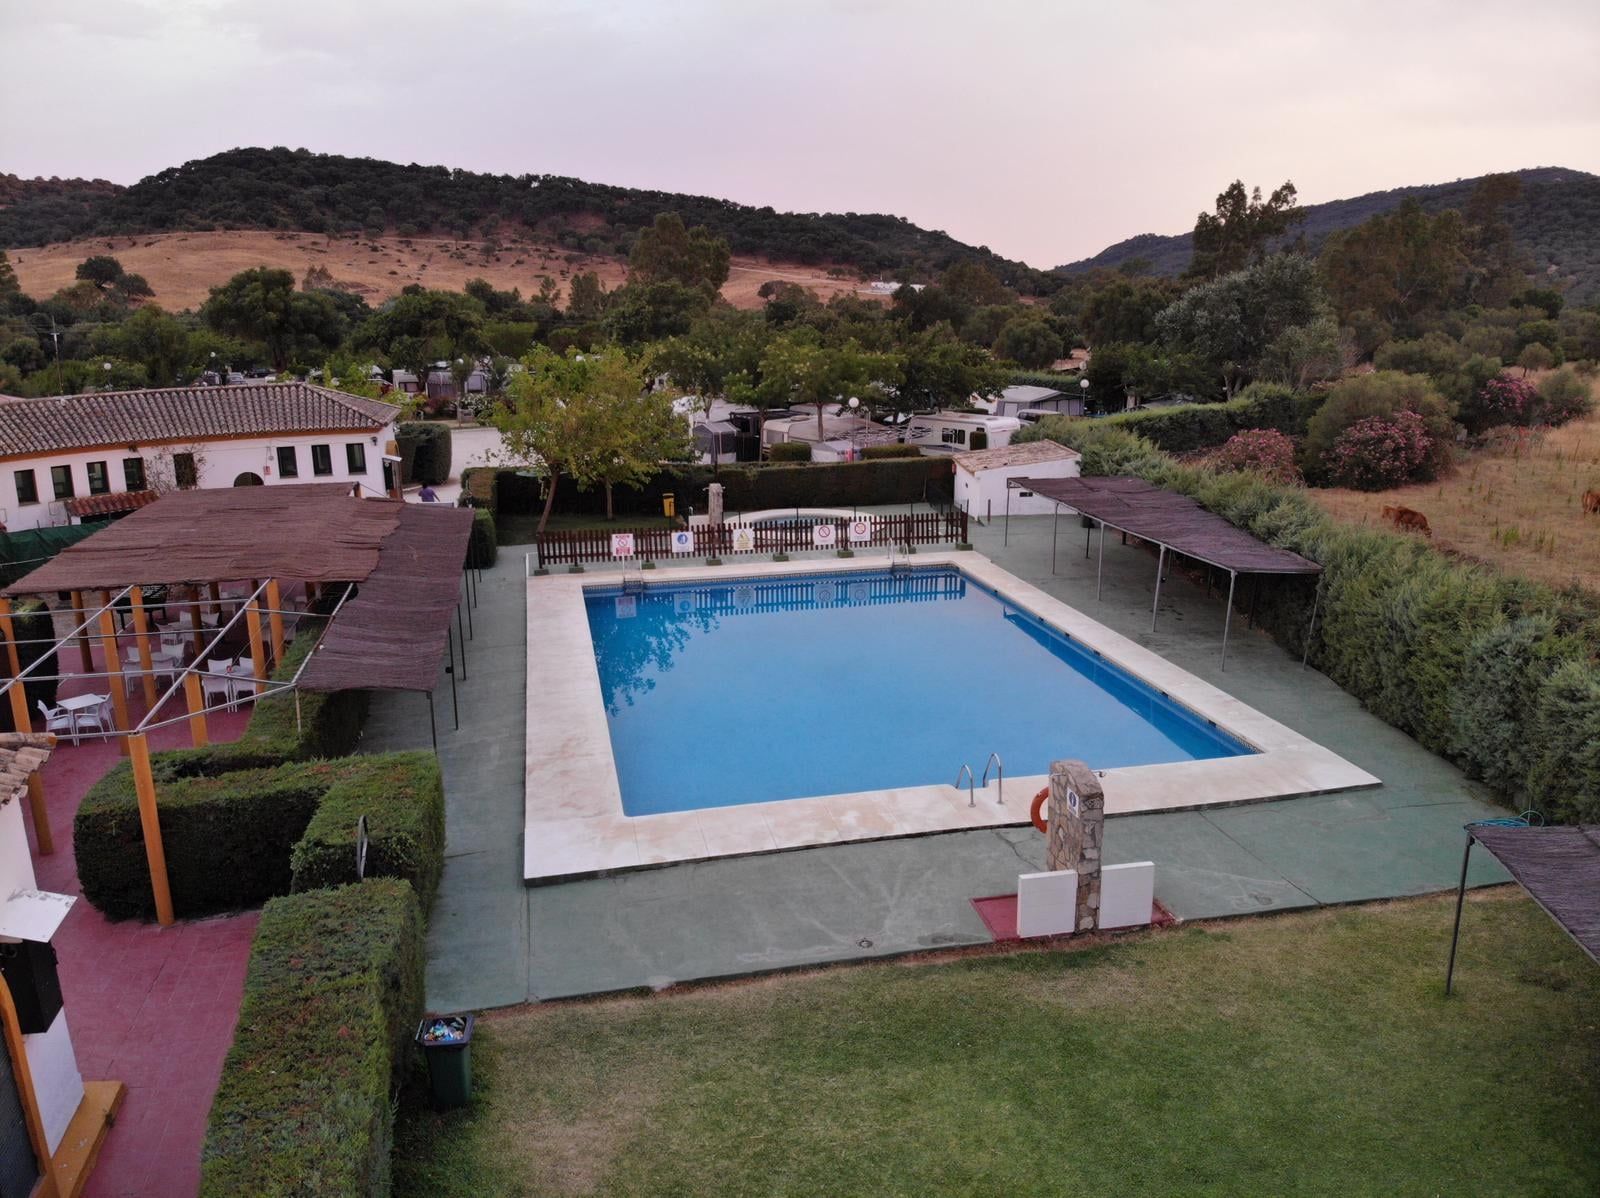 El camping de Los Gazules: veranear en Los Alcornocales. Vista general con la piscina como referente.
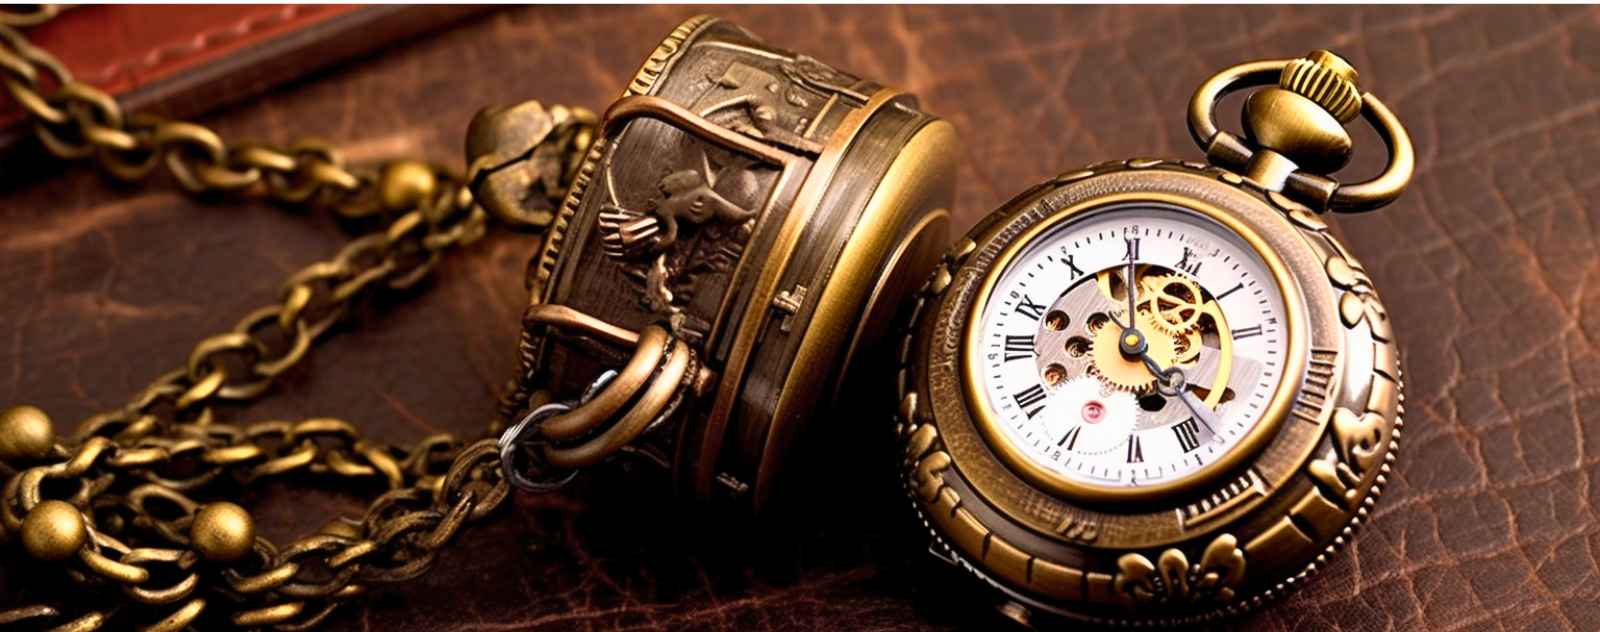 La chaine, un accessoire pour porter la montre de poche avec style
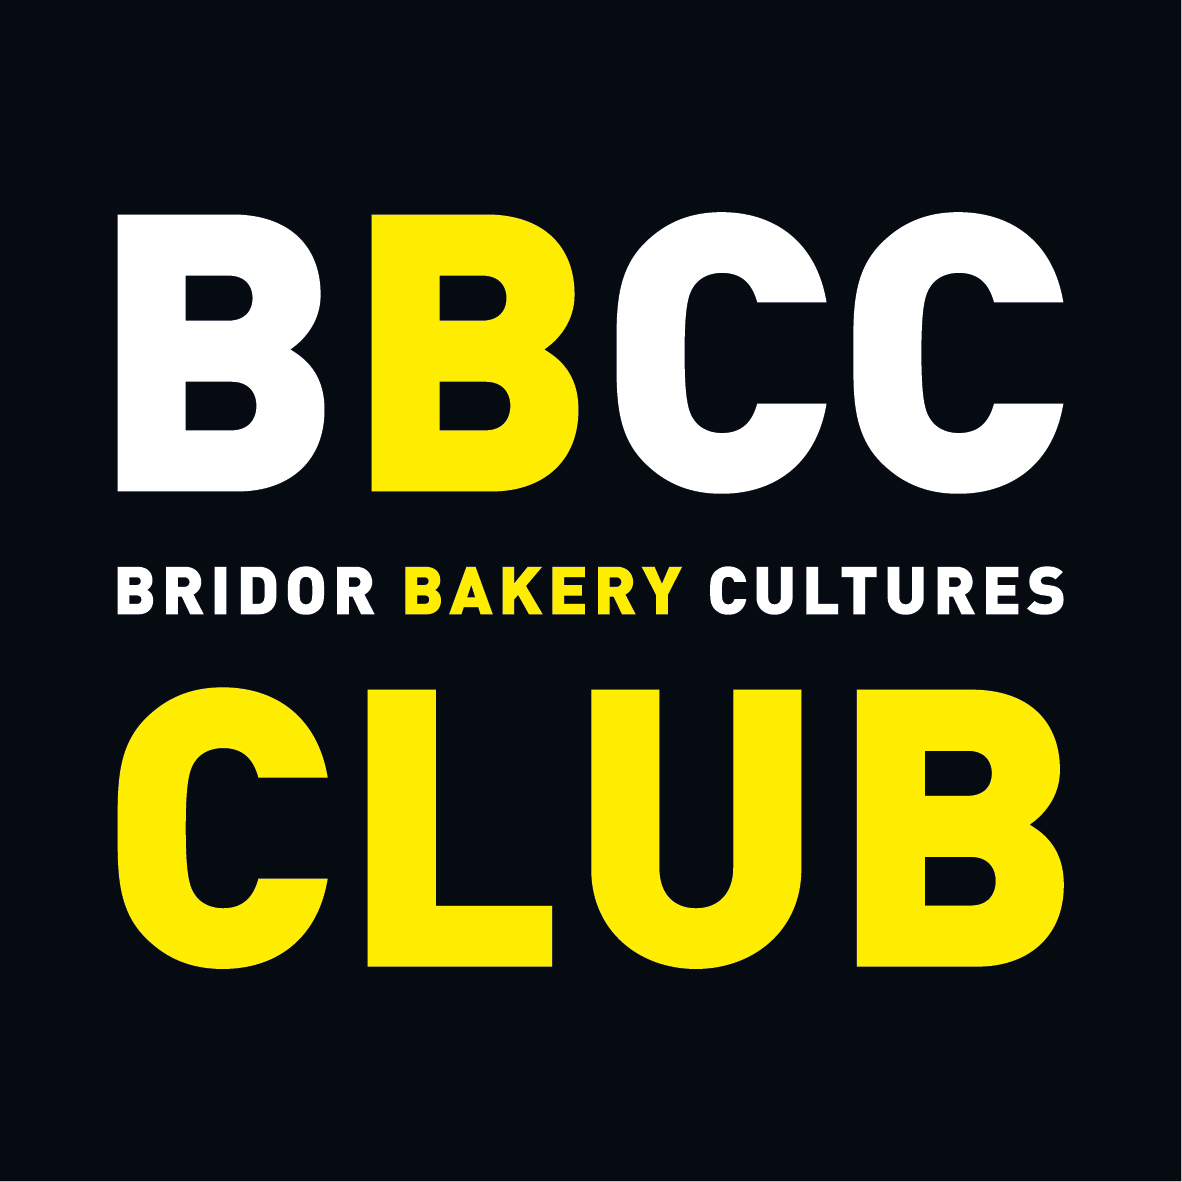 BBCC CLUB LOGO - RVB.jpg
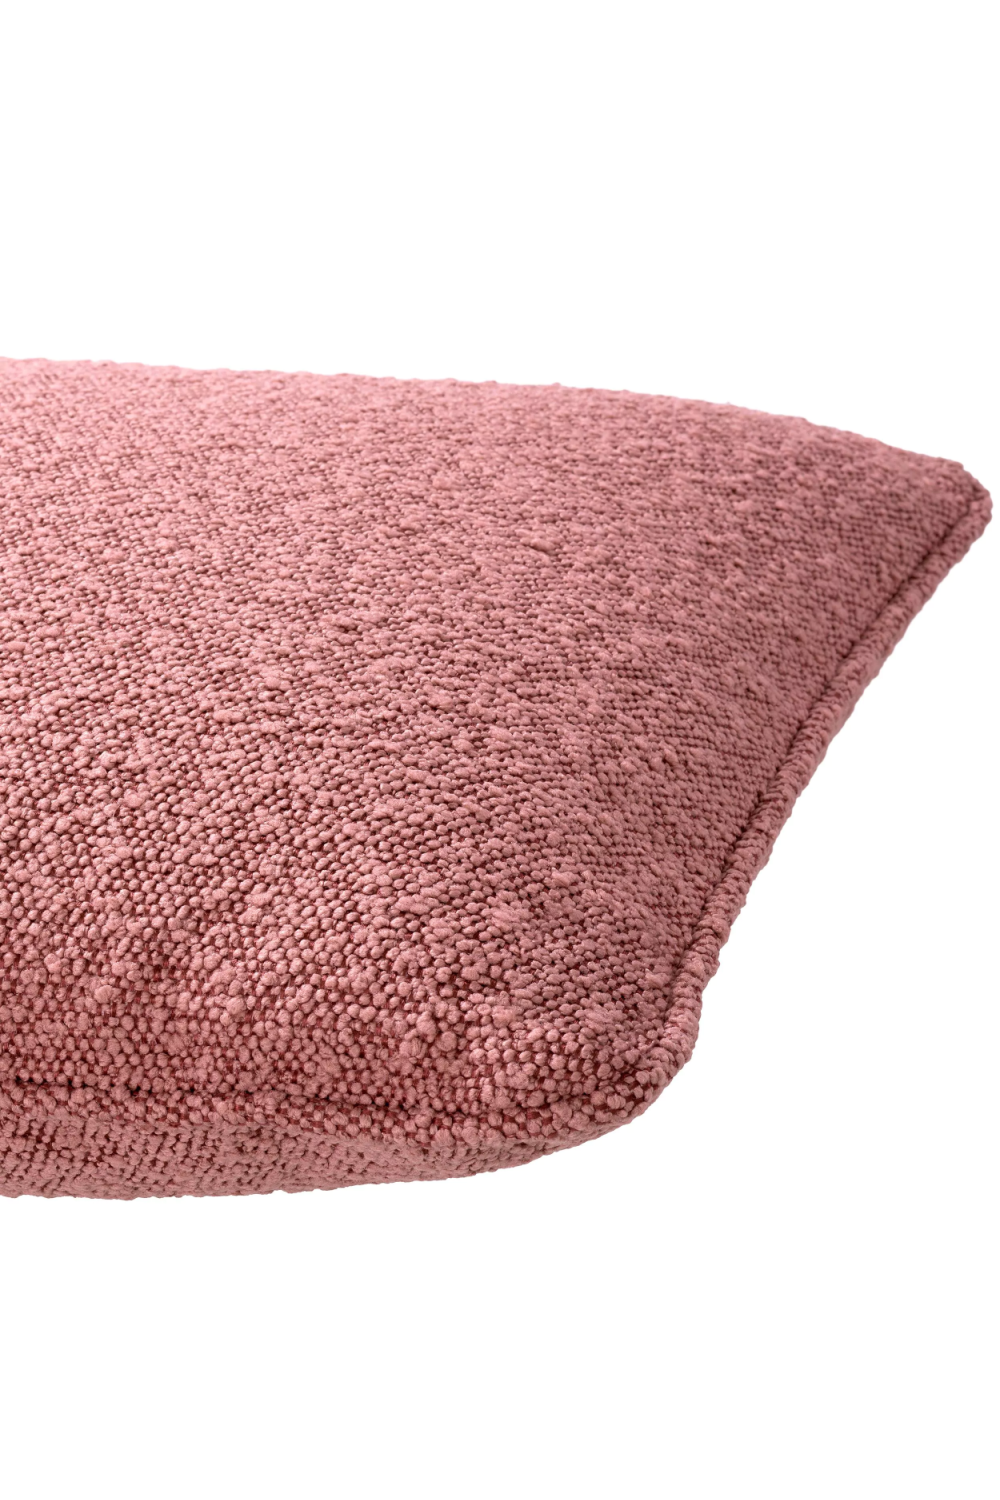 Pink Boucle Throw Pillow | Eichholtz | Oroa.com
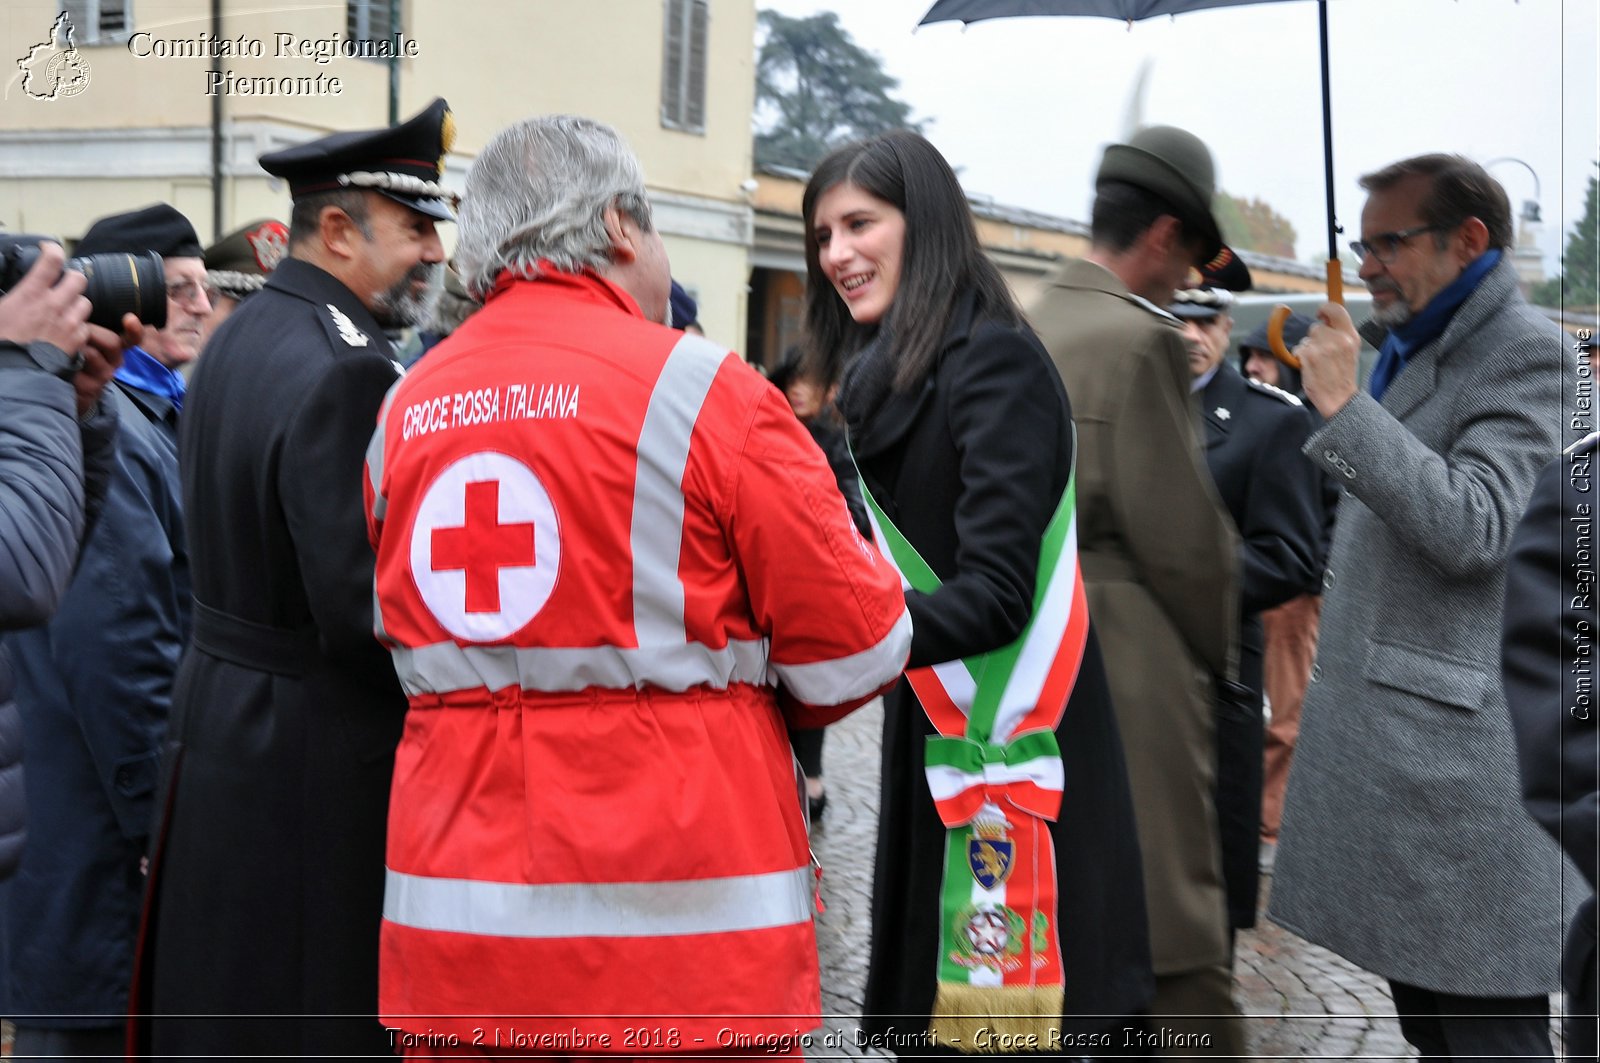 Torino 2 Novembre 2018 - Omaggio ai Defunti - Croce Rossa Italiana- Comitato Regionale del Piemonte

────────────────

_Work required_:
One exact copy of the data, no pictures: write it out line for line.

_Exercise answer_:
 El camping de Los Gazules: veranear en Los Alcornocales. Vista general con la piscina como referente.
 La chaine, un accessoire pour porter la montre de poche avec style
 BBCC CLUB LOGO - RVB.jpg
 Pink Boucle Throw Pillow | Eichholtz | Oroa.com
 Torino 2 Novembre 2018 - Omaggio ai Defunti - Croce Rossa Italiana- Comitato Regionale del Piemonte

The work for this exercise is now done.